You can compute data in Simple Log Service. This reduces local CPU consumption and accelerates the computing process.
For example, you want to write log data to Simple Log Service, consume the log data by using an on-premises machine, and then compute the log data on the on-premises machine. The rule-based data consumption feature allows you to use SPL to compute log data in Simple Log Service. This reduces local resource consumption.
Billing rules
If your Logstores use the pay-by-ingested-data billing mode, you are not charged for rule-based data consumption. However, if data is pulled over a public Simple Log Service endpoint, you are charged for read traffic over the Internet. The traffic is calculated based on the size of data after compression. For more information, see Billable items of pay-by-ingested-data.
If your Logstores use the pay-by-feature billing mode, you are charged for computing in Simple Log Service. If you access a public Simple Log Service endpoint, you may be charged for Internet traffic. For more information, see Billable items of pay-by-feature.
Consumers
The following table describes the consumers that are supported by the rule-based data consumption feature.

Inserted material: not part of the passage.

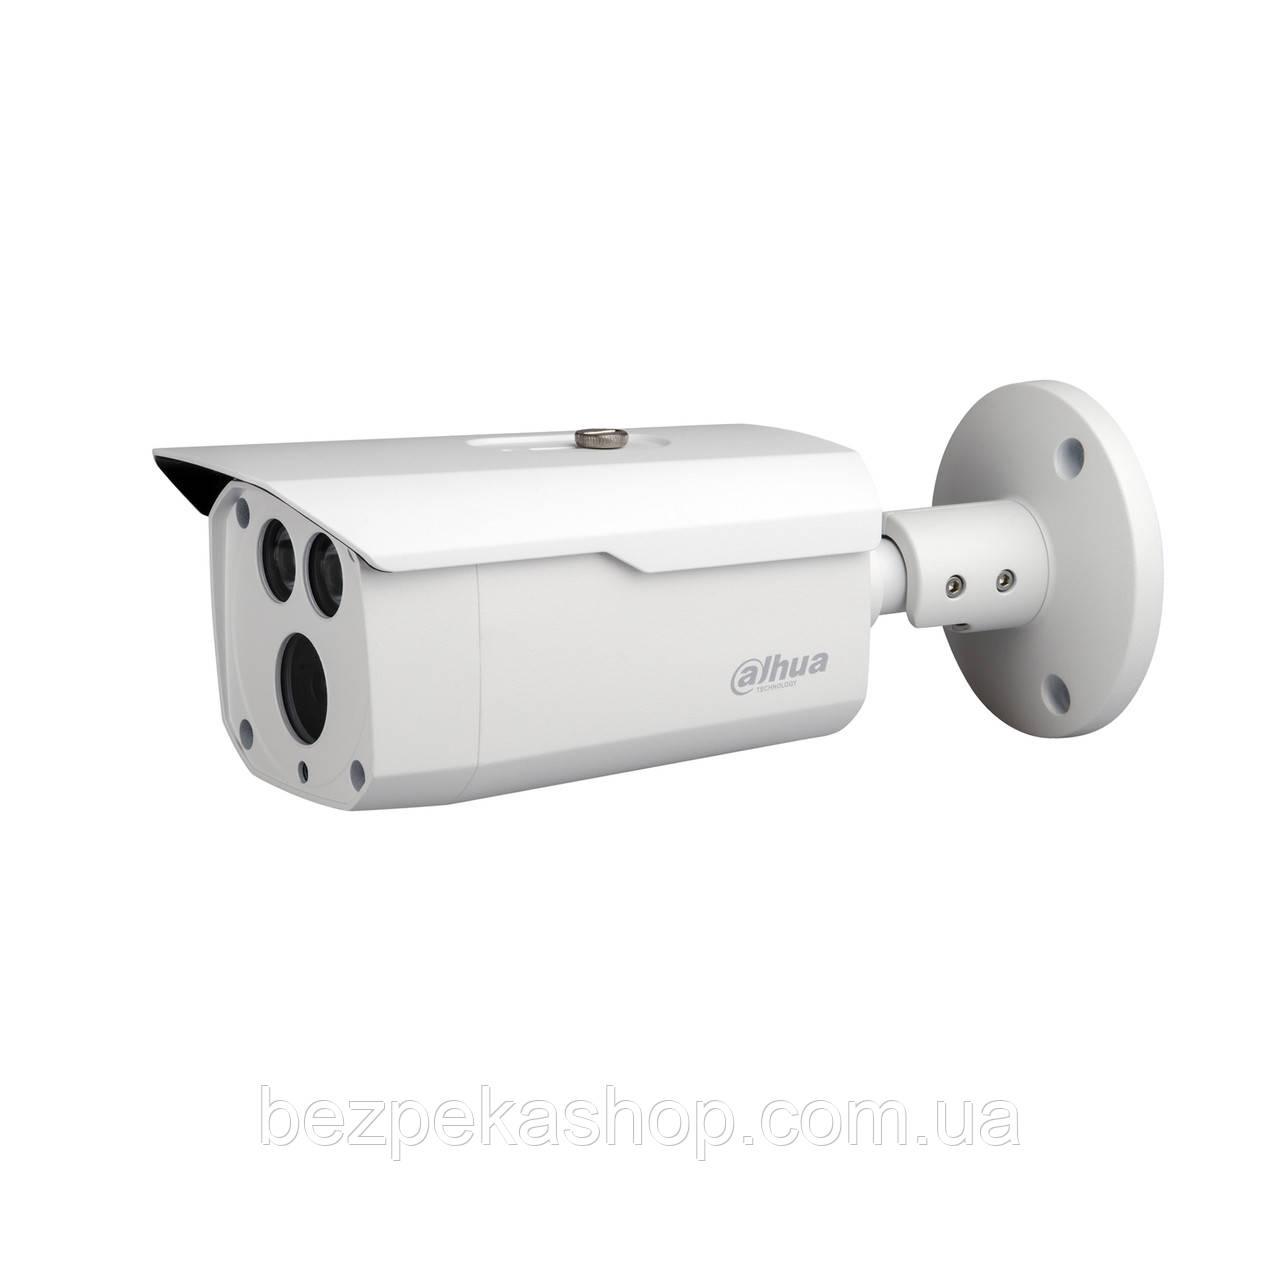 DH-HAC-HFW1400DP-B (3.6 мм)

Type | Consumer | Description |
Applications in various programming languages | Applications in various programming languages | Applications that are developed in programming languages, such as Java, Python, and Go, can consume data in Simple Log Service as consumer groups. For more information, see Consume log data and Use consumer groups to consume data. |
Cloud services | Realtime Compute for Apache Flink | You can use Realtime Compute for Apache Flink to consume data in Simple Log Service in real time. For more information, see Simple Log Service connector. |
Stream computing frameworks | Apache Kafka | You can use the stream computing framework Apache Kafka to consume data in Simple Log Service in real time. For more information, see Use Kafka to consume data based on SPL statements. |
Usage notes
Rule-based data consumption involves complex computing in Simple Log Service. The complexity of SPL-based computing and the differences in data features result in slight latency increase when Simple Log Service reads data. For example, when Simple Log Service reads 5 MB of data, the read latency increases by 10 to 100 milliseconds. In most cases, the total amount of time that is used from data read by Simple Log Service to data computing on your on-premises machine decreases even if read latency increases.
If you use the rule-based data consumption feature and invalid SPL syntax or missing source fields exist, data may be lost or data consumption may fail. For more information, see Handle errors.
If you use the rule-based data consumption feature, you can specify an SPL statement that is up to 4 KB in size.